This report tells us that economists have “scoffed” at Obama’s budget assumptions:

“If they keep playing this game, they’re going to have real credibility problems,” predicted Brian Bethune, the chief U.S. financial economist at IHS Global Insight, an economic research firm.

[ . . .]

The biggest discrepancy involves unemployment, which reached 8.9 percent last month. The White House sees the number declining to an average of 7.9 percent next year, well below the CBO’s 9 percent estimate and the blue chip 9.5 percent.’The (Obama) unemployment number is crazy,’ said Roberton Williams, senior fellow at the Urban Institute-Brookings Institution Tax Policy Center.

[. . .]

“Even using their . . . economic assumptions — which now appear to be out of date and overly optimistic — the administration never puts us on a stable path,” said Marc Goldwein, the policy director of the nonpartisan Committee for a Responsible Federal Budget.

When you look at these numbers and yesterday’s healthcare showmanship you get the sense that the Obama team has political plans — for attacking the other side, putting on press conferences and getting Democratic votes — but no substantive approach on the policy side to resolve the difficult problems we face. Frankly, these are smart people so they must understand that they haven’t begun to pay for any of this. And by being so extraordinarily dishonest with voters, they are only making the day of reckoning that much more difficult.

Rick Klein at The Note put it this way:

Can the game have really changed if we’re still playing the same game? The Obama White House has again shown it knows how to make a splash — even though we’re not sure yet exactly what’s in the pool at this watershed. (What’s better — a budget with no numbers, or a healthcare plan with no plans?) So far, President Obama has found perceptions to be easier to manage than realities. You want fiscal discipline? The deficit just grew by more than those proposed budget savings. Economic recovery? Jobs are already being created by the stimulus — still not nearly as fast as they’re being lost, mind you. Healthcare reform? We’ll always have that photo-op . . . (And if Team Obama really had much more than that right now, might we be getting it?)

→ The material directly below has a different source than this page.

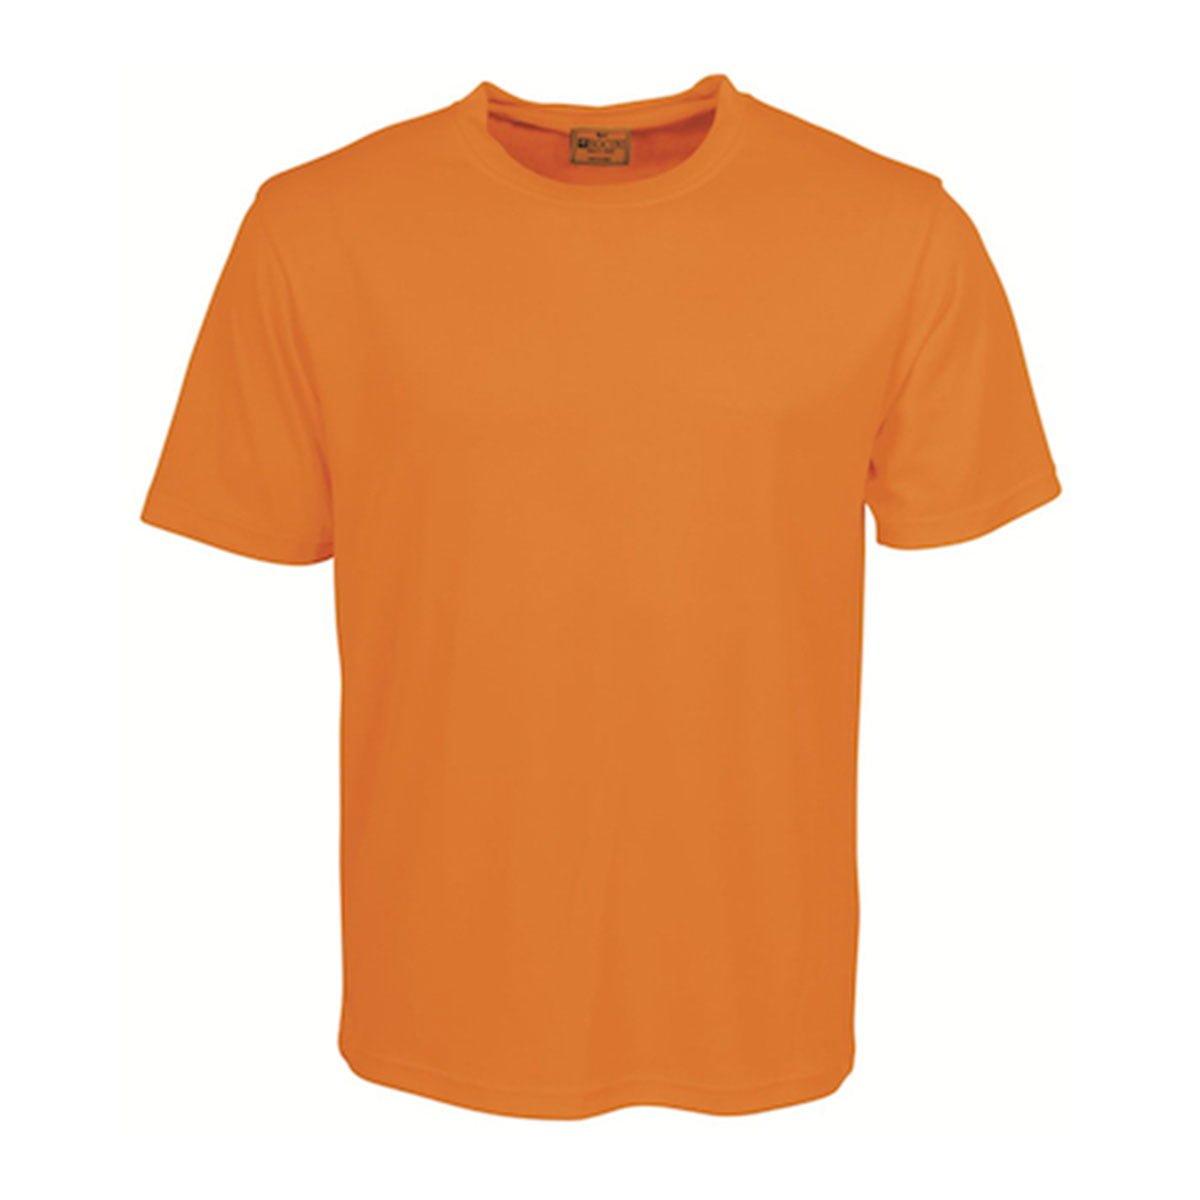 HI-VIS ROUND NECK TEE SHIRT-Orange

I don’t know how the Obama team intends to avoid the inevitable math. It is one thing to convince huge Democratic majorities to vote for cotton candy budgets and fantasyland healthcare ( by saying it all pays for itself). But after the photo ops and dog-and-pony summits this will entail governing. You have to pay for it, and you have to eventually face the music. One senses the Obama team has no idea how and when they’re going to do all that.